Wednesday, July 07, 2010

Emmer: Cutting Wages of Tipped Employees Doesn't Cut Their Wages

Tom Emmer's got some 'splaining to do about his proposal to cut the wages of 22,000 Minnesotans who earn a minimum wage and tips. His proposal to institute a tip penalty (h/t MAK's response to Emmer's position) has come in for all kinds of criticism. Leave it to his crack campaign staff to explain it away. Emmer sent an email explaining his position:
When a reporter asked if I supported the concept of a tip credit, I answered yes. I want the wait staff at a restaurant to be successful and make as much as they can, and a recent study published in Applied Economics Letters shows that tip credits have essentially no negative impact on wages for tipped employees. So contrary to what some people are saying, I have no interest in “cutting wages.”
So let's find this citation. This is also the ONE source that economist and right blogger King Banaian could scrounge up to support his buddy Emmer's position. Basing a change in public policy on one and only one three-page mini-study is bad policy making. Remember, these are the same people who dispute the legitimacy of the IPCC's conclusions on global climate change!

This three-page article purports to prove that
"for the most part, servers in those states with higher tipped minimum wages appear to have no income advantage over servers elsewhere. States with policies designed to boost the incomes of servers, often the lowest paid occupations, will find that those policies are generally ineffective."
While it is nice to see the Emmer camp citing an article that directly contradicts his assertion that tipped employees are getting rich while business owners suffer, this study fails on many levels.

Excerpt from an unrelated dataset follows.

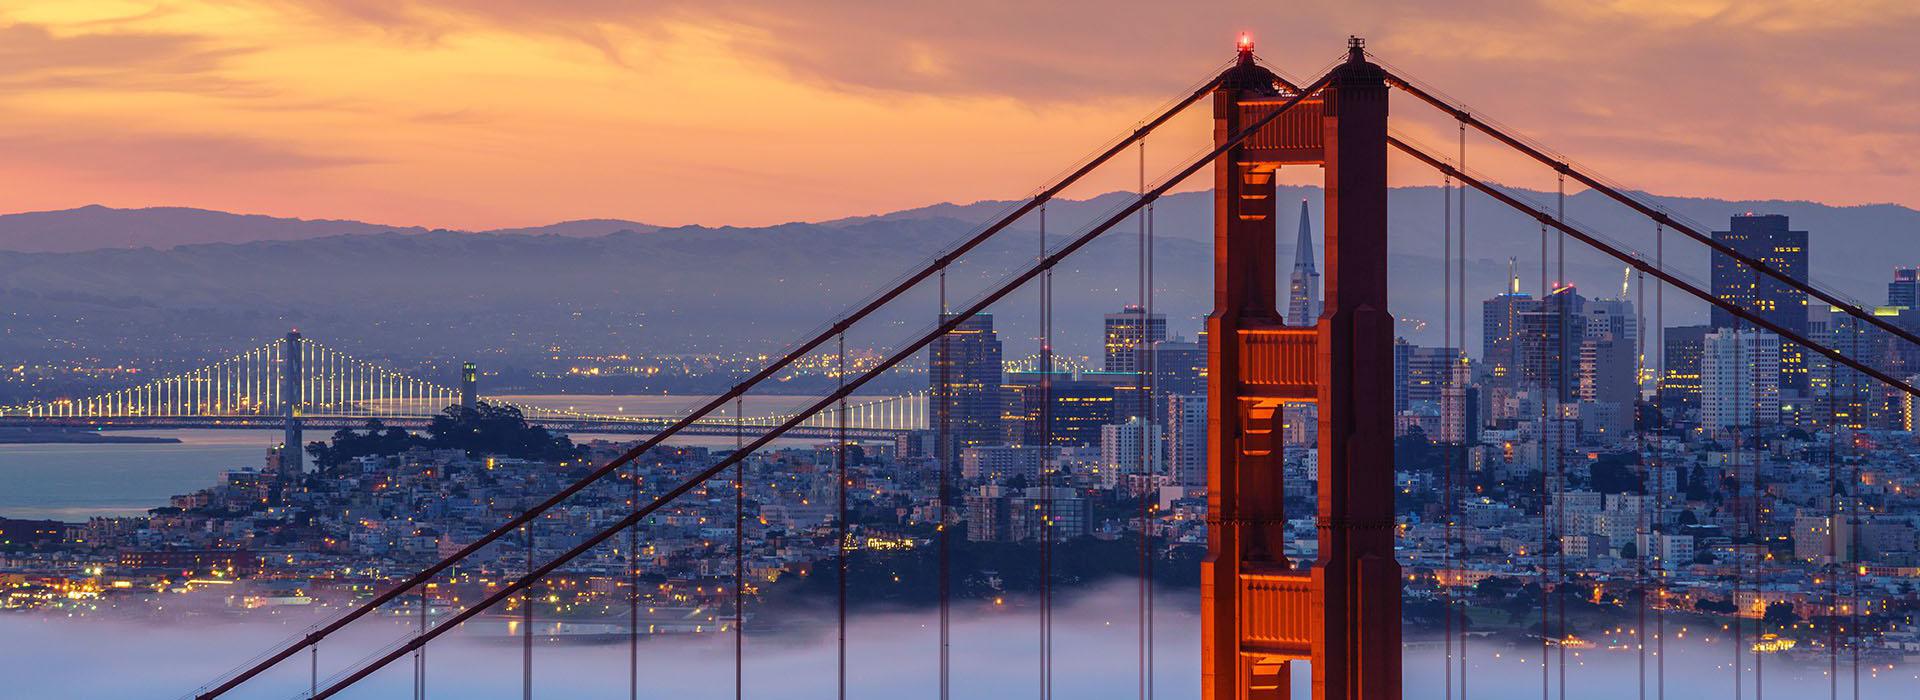 San Francisco_1920x700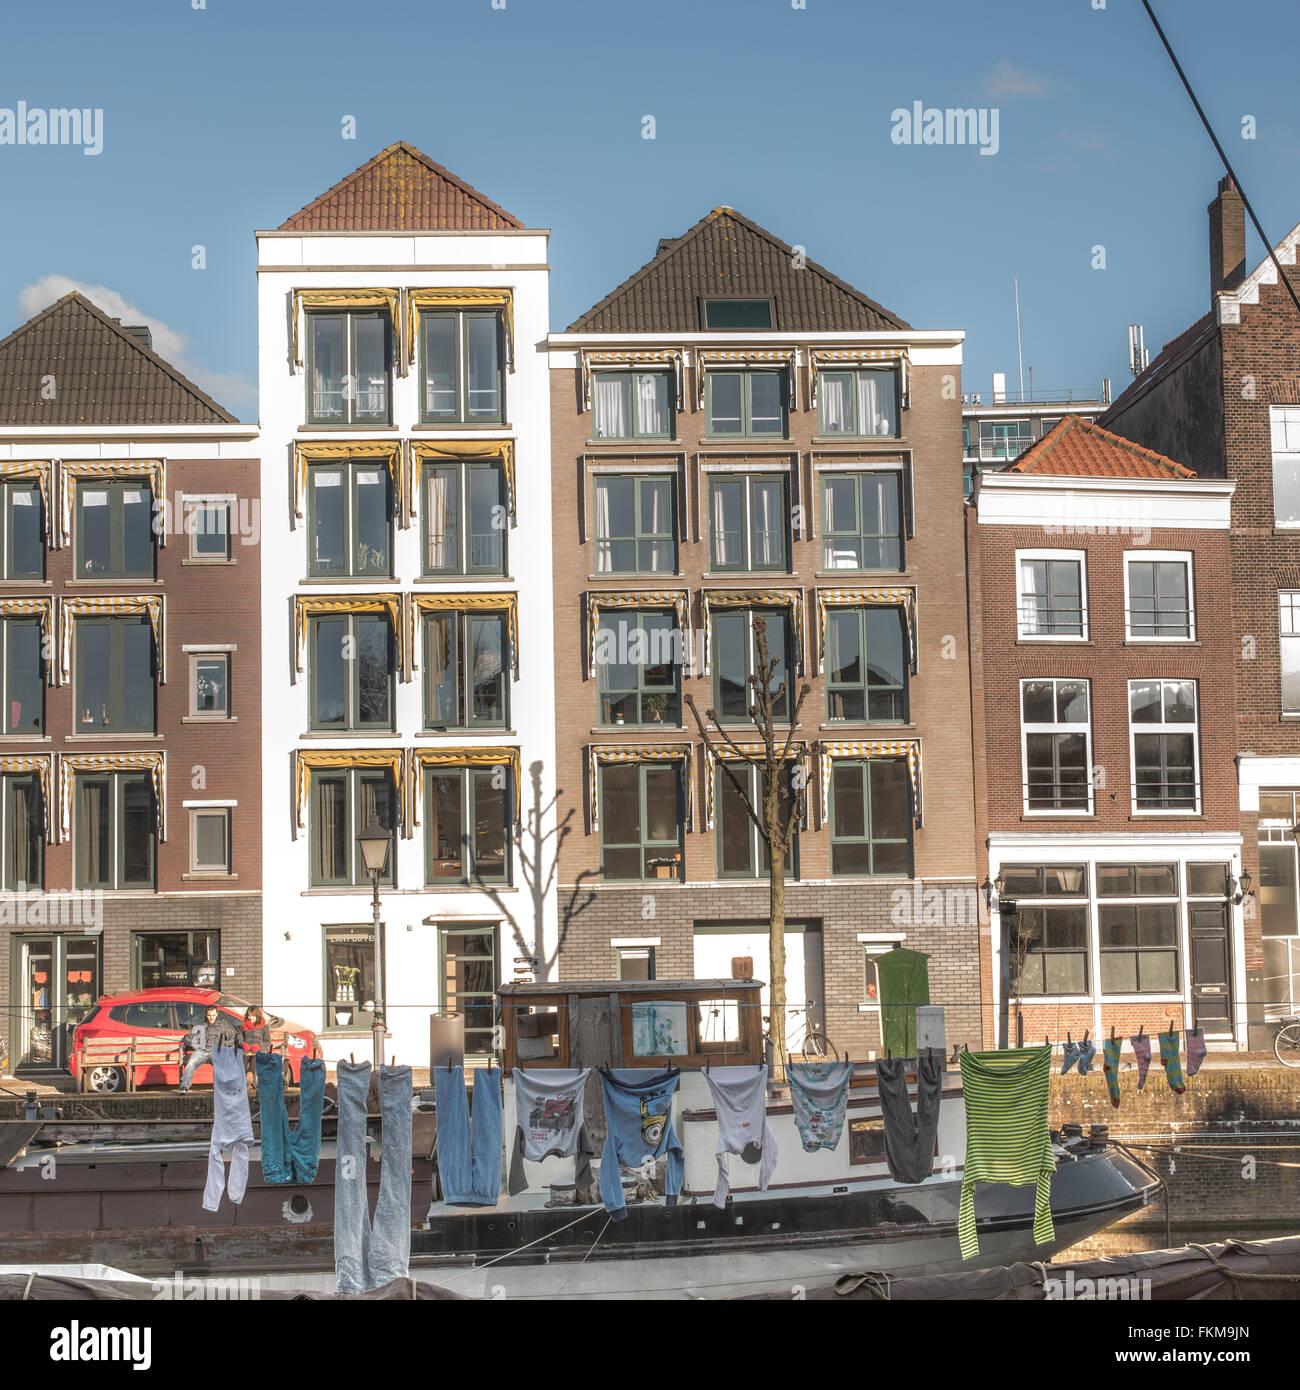 Historical Neighbourhood in Rotterdam, Netherlands Stock Photo

Off the top, Minnesota was one of the (Category 5) states using the 1999 data that DID show higher wages for servers (!):
. . .the sample selection estimates indicate that only workers in Category 5 states are paid a small premium relative to workers in states where there are no minimum wage laws.
I'll be clear, I'm no economist, and I do not understand the intricacies of the modeling that Professors Bodvarsson and Anderson used to "prove this hypothesis," but I do know how to read what hypothesis they set out to prove. And here it is from page 1 of their article:
Do servers earn more in states with higher tipped minimum wages? We hypothesize no ceteris paribus premium to such servers. The reason is that the national market for servers is very competitive and we contend that it will equalize pay between states. Servers in states with lower tipped minimum wages may migrate to states with higher wages, or businesses in states with higher tipped minimum wages may relocate to states with lower wages. The resulting adjustments in server demand and supply will dissipate any interstate ceteris paribus differences in pay. We test this hypothesis using 1999 state-level data on hourly compensation of waitpersons and bartenders.
This is important. On its face, the imposition of a tip penalty where servers and bartenders pay the first 3-5 dollars of each hours to their employer, will directly reduce employee pay. Anderson and Bodvarsson's argument is that this direct effect of reducing wages is scrubbed out by other indirect market forces. But their hypothesis is ridiculous. It assumes that labor and businesses are perfectly mobile, and that they act in a "rational" manner, relocating nationally to maximize their pay (in the case of labor) or minimize their labor costs (in the case of restaurants.) Nice theory . . . no, that is a TERRIBLE theory.

As some of the lowest income occupations, servers and bartenders are less mobile than the average person. And the average person isn't perfectly mobile either. Family, school, friends, being underwater on your house, etc. are all factors that constrain movement. Same with the small business owners that Emmer purports to champion. This hypothesis assumes that all restaurants can and will pick up and move anywhere in the U.S. The Eagle Street Grille's location next to the X is a huge contributor to their bottom-line, but this hypothesis proposes that they will move to Iowa if labor costs are lower there.

And let's be clear - the remedy for employees whose wages are cut is to move to another state. Thanks a lot for that.

King Banaian makes another weak attempt at an explanation:
I'd note one other possibility from the minimum wage discussion that is often called the Wessels effect or Wessels-McKenzie-Tullock effect: The tip credit or lack thereof is compensated by decreasing fringe benefits and conditions of employment. As Tyler Cowen noted back in 2004, Tullock argues that "the government can make an employer raise nominal money wages, but can't stop him from turning off the air conditioner." The same may apply to servers, whose work conditions can vary widely from restaurant to restaurant.
Once again, the assumptions made to prove the hypothesis are ludicrous. First, service employees have few fringe benefits to begin with, with health insurance and retirement benefits a distant mirage for many. Second, this would have to work in reverse in this case since Minnesota does not have a tip penalty now. What Banaian is arguing here is that if tipped employees were paid LESS, their employers would make up for it by giving them MORE fringe benefits.

Yeah, right. And this is the best "proof" that the Emmer team can come up with to "prove" that cutting worker's wages doesn't reduce worker's wages?